Le stesse questioni vengono ancora sollevate in forma molto simile. Sono state poste in maniera prominente alla fine della “Decade del Cervello”, che ha chiuso il millennio scorso. L’American Academy of Arts and Sciences ha pubblicato un volume per commemorare l’occasione, fornendo un sunto dell’attuale stato dell’arte. Il tema principale è stato formulato da un illustre neuroscienziato, Vernon Mountcastle: è la tesi che “le cose mentali, ovvero le menti stesse, sono proprietà affioranti dei cervelli, [anche se] questi affioramenti non sono considerati irriducibili bensì sono prodotti da principi che controllano le interazioni tra eventi di livello inferiore – principi che ancora non comprendiamo.” La stessa tesi, che parafrasa puntualmente Priestley, è stata proposta in anni recenti come un’“ipotesi stupefacente” della nuova biologia, un’“idea radicalmente nuova” nella filosofia della mente, “l’audace affermazione che i fenomeni mentali sono interamente naturali e causati dalle attività neurofisiologiche del cervello.” Ma questo è un fraintendimento. La tesi è conseguenza del collasso di un qualsiasi concetto coerente di “corpo” o “materiale” nel XVII secolo, come è stato presto riconosciuto. Tralasciando la terminologia, la tesi fondamentale rimane quella che è stata chiamata “la proposta di Locke”: che Dio potrebbe aver scelto di “aggiungere alla materia una facoltà di pensiero”, esattamente come ha “aggiunto al movimento effetti che non possiamo in alcun modo concepire che il moto sia in grado di produrre”.
Della gamma di fenomeni che potrebbero venire in qualche modo considerati pertinenti al linguaggio, l’approccio biolinguistico concentra l’attenzione su una componente della biologia umana che ha a che fare con l’uso e l’acquisizione del linguaggio, come che il termine “linguaggio” venga interpretato. Chiamiamola “facoltà del linguaggio”, adattando un termine tradizionale a un nuovo uso. Questa componente è più o meno allo stesso livello del sistema della visione dei mammiferi, del sistema di navigazione degli insetti e così via. In molti di questi casi, le migliori teorie esplicative attribuiscono all’organismo sistemi computazionali e quello che viene chiamato, nell’uso informale, “l’obbedire a delle regole” – per esempio, quando un recente testo sulla visione presenta il cosiddetto “principio della rigidità” come è stato formulato 50 anni fa: “se è possibile, e altre regole lo autorizzano, interpreta i movimenti delle immagini come proiezioni in tre dimensioni di moti rigidi.” In questo caso, studi più recenti hanno fornito una sostanziale comprensione delle computazioni mentali che sembrano essere coinvolte quando il sistema visivo segue queste regole ma, perfino in organismi molto semplici, questo normalmente non è un’impresa semplice, e mettere in relazione computazioni mentali e analisi a livello cellulare è in generale un obiettivo lontano.

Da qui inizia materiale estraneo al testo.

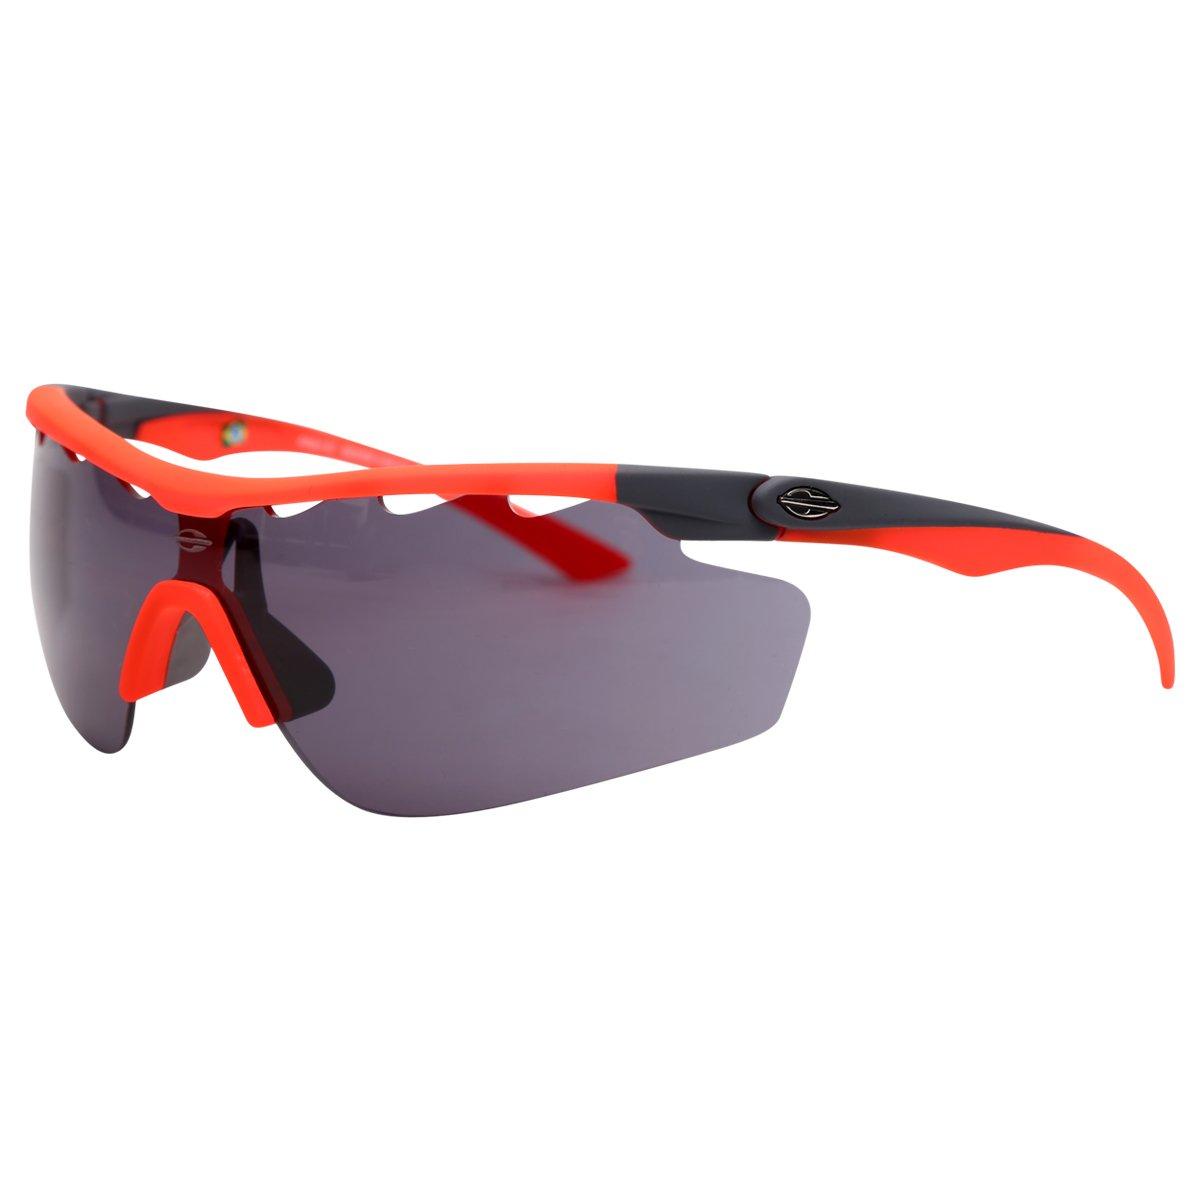 Óculos Mormaii Athlon 3 - Vermelho - Compre Agora   Netshoes f5bac9859f

Adottando questa concezione, una lingua è uno stato della facoltà del linguaggio.
La decisione di studiare il linguaggio come parte del mondo in questo senso era considerata fortemente controversa, e a tutt’oggi lo è. Un’analisi più attenta mostrerà, credo, che gli argomenti sollevati contro la legittimità dell’approccio hanno poca forza – una tesi debole; e che i suoi assunti di base sono tacitamente adottati anche da coloro che lo rigettano strenuamente – una tesi molto più forte. Non mi addentrerò in questo interessante capitolo della storia intellettuale contemporanea in questa sede, ma assumerò semplicemente che aspetti cruciali del linguaggio possano essere studiati come parte del mondo naturale, adottando l’approccio biolinguistico che prese forma mezzo secolo fa, e che è stato perseguito intensamente da allora, per molte strade differenti.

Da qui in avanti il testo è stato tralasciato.